Chuck Schumer links rise in left-wing antisemitism to 2008 crisis, wokeism of ‘radical fringe’ in new book

A toxic combination of the fallout from the 2008 financial crisis and radical re-interpretations of history are responsible for the “extremely painful” growth of antisemitism “in some parts of the American left,” Senate Minority Leader Chuck Schumer writes in his new book, published Tuesday.
“Just as Jews noticed a rekindling of antisemitism on the right in the wake of the financial crisis, we started to see a few signs that the left — our natural home for so many years — was no longer immune to the poison,” the Brooklyn Democrat writes in “Antisemitism in America: A Warning.”
“The financial crisis caused many on the left to deepen their existing distrust of financial institutions and financiers, the banking system and bankers,” he adds. “None of those thoughts are inherently antisemitic, but they do intersect with historical stereotypes about Jews and finance. One antisemitic conspiracy
theory floating around on the internet in the fall of 2008 alleged that Lehman Brothers and other investment banks secretly transferred $400 billion to Israeli banks before going under.”
However, Schumer goes on to say that “signs of future left‑ wing antipathy toward Israel were present more than fifty years ago,” when the future Democratic leader was a student at Harvard, “and it was intimately related to conceptions of race and oppression.”
“An intellectual framework was also being built on the political left in which Israel wound up on the wrong side of a perceived historical struggle between oppressor and oppressed,” he writes. “… Our own (rather dense) history of being oppressed and persecuted is no longer deemed relevant to the radical fringe.”
“In this new world order, because some Jewish people have done exceedingly well in America, because Israel has grown only more powerful over the last several decades, it could appear that Jews have become strong enough to singlehandedly overcome prejudice and bigotry, that in fact we now— to quote the language of some— are the ‘oppressors’ … Among Jewish young people, it can sometimes lead to excessive guilt, and the urge to exculpate themselves from feeling responsible.”
Elsewhere, Schumer — the highest-ranking elected Jewish official in US history — admits that he’s “struggled to come up with the right response” to the growth of antisemitism on the left.
“Truthfully, it’s much harder to grapple with than antisemitism on the right. Jews know that far‑right movements tend to cast us as villains,” he writes. “We expect it, and we never really had close relationships with the kind of antisemites whose hatred for Jews is overt.”
Schumer also suggests that “unlike antisemitism on the far right, which is almost always deliberate, antisemitism on the left, while just as harmful, can sometimes be less intentional.”
However, he also acknowledges that “some left‑ aligned figures in politics and government have … gone too far by using antisemitic tropes while criticizing Israel and its supporters.”
Schumer specifically calls out Rep. Ilhan Omar (D-Minn.) for tweeting in February 2019 that US lawmakers’ support for Israel was “all about the Benjamins,” though he adds that to her credit, she subsequently apologized.”
“For the first time in decades, Jewish‑ Americans were starting to hear and be subject to stereotypes and slander, that Jews were secretly powerful and domineering, that they were racist oppressors, exerting undue influence on politics and media, with our money and privilege,” he writes. “And those things were being said by those we had assumed were our allies on the left.”
Turning to the current far-left uproar over Israeli military action against Hamas in Gaza, Schumer writes: “While certainly many protesters harbor no ill‑intent toward Jews, certain slogans and chants repeated by large groups of protesters have gone way beyond expressing support for the Palestinian cause or principled opposition to Israeli policy.”
Referring to the anti-Israel chant “From the river to the sea/Palestine will be free,” the senator writes: “A multicultural society tends to join together and condemn the use of those dog whistles.

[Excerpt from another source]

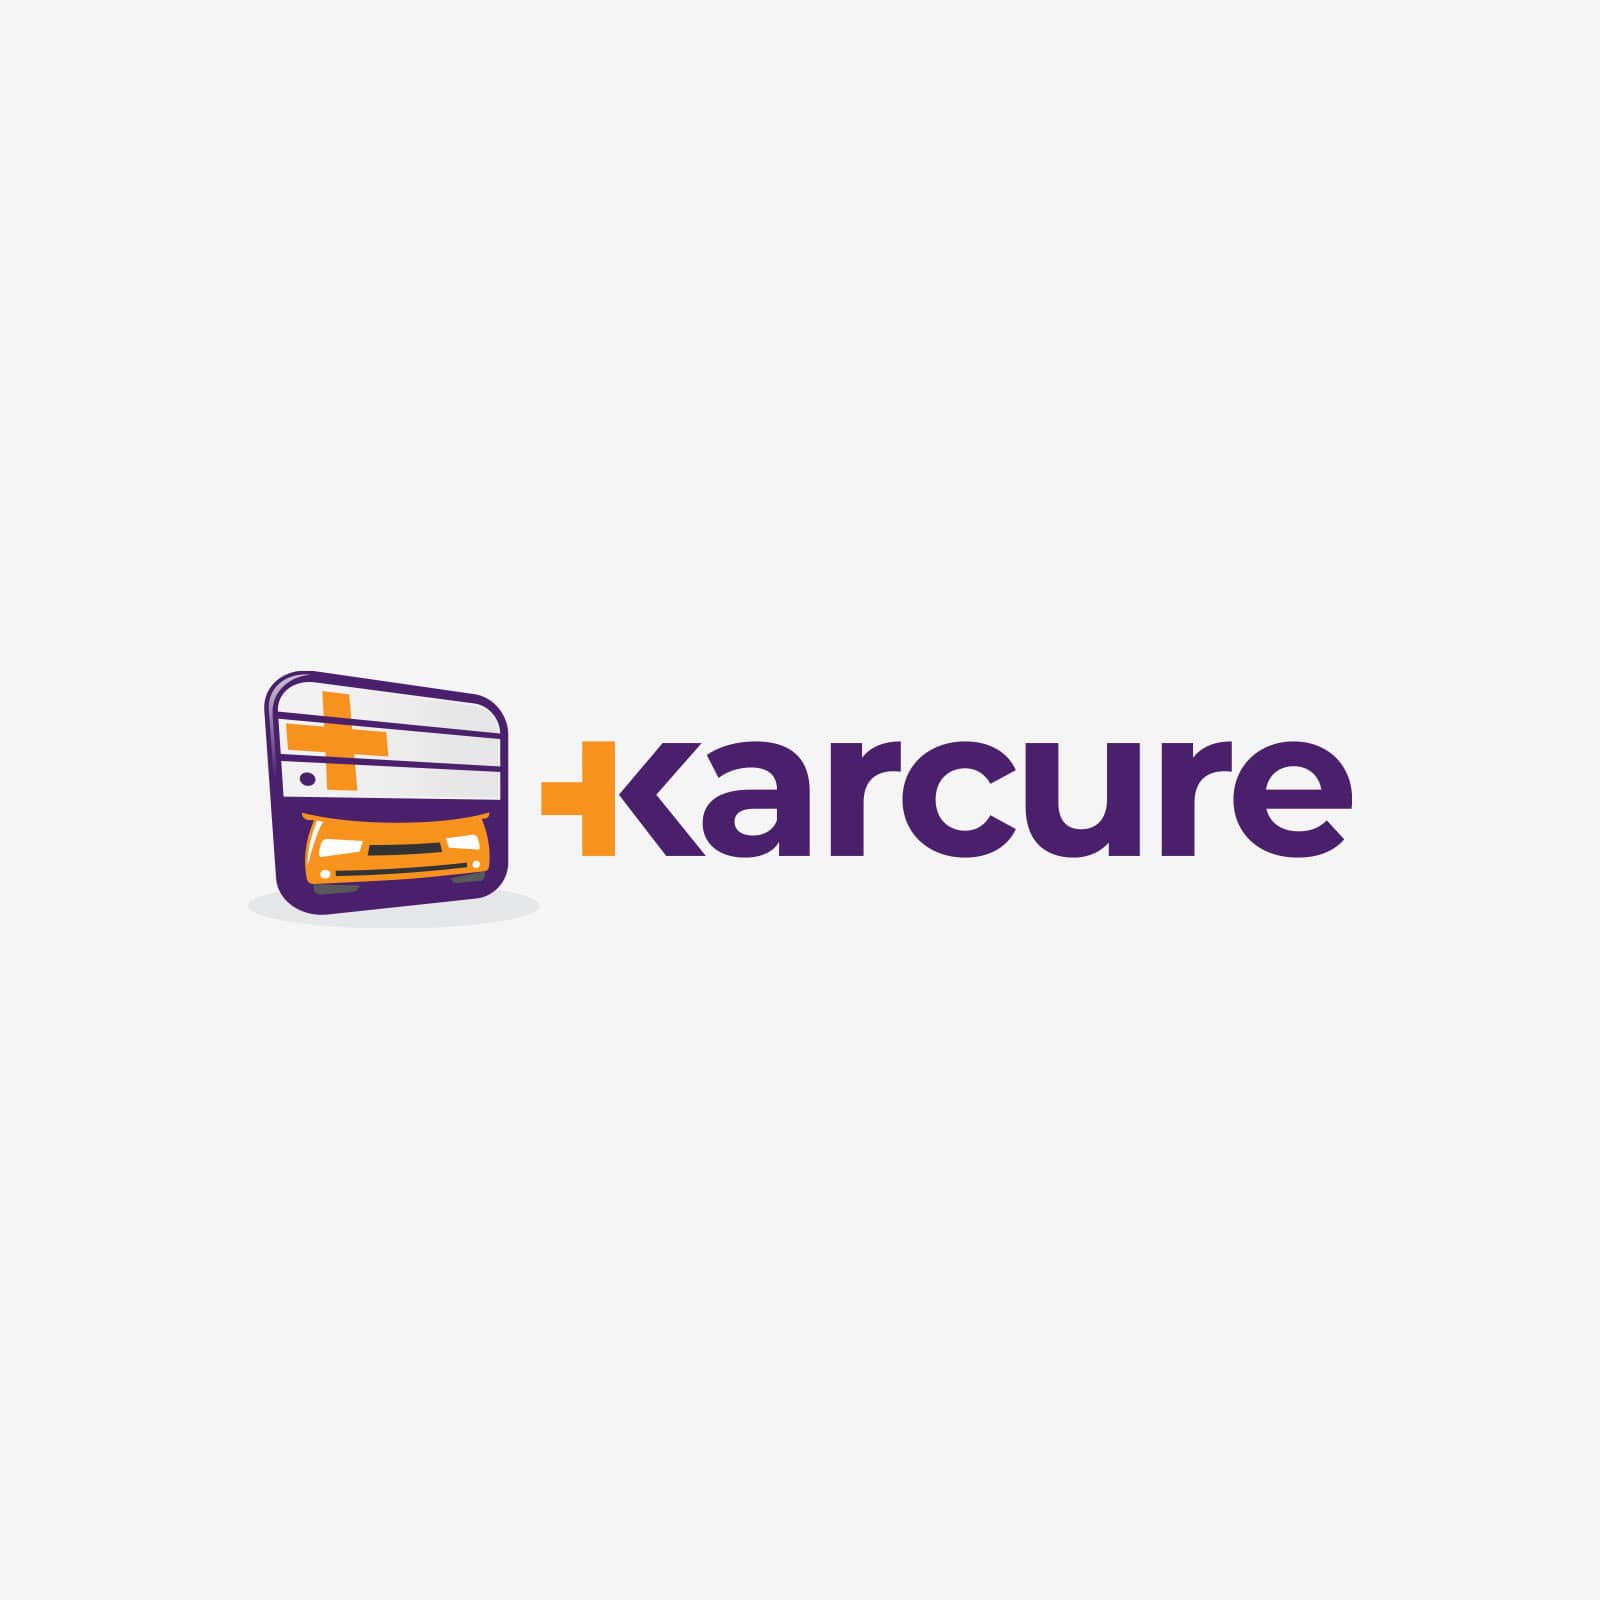 eximdesign_karcure_1.jpg

“Many words and phrases that were commonly used a few decades ago, even in polite society, are now appropriately no longer in use; they had problematic origins and caused great offense to the particular group. The same standard, I believe, should apply to slogans like ‘from the river to the sea.’”
The minority leader closes by urging the left against being “too complacent or forgiving about those who exhibit antisemitism within their ranks.”
“Be careful,” he warns. “Do not let passion overwhelm your better instincts. Do not let your desire for justice in the world lead you to bring a little more injustice into the world.”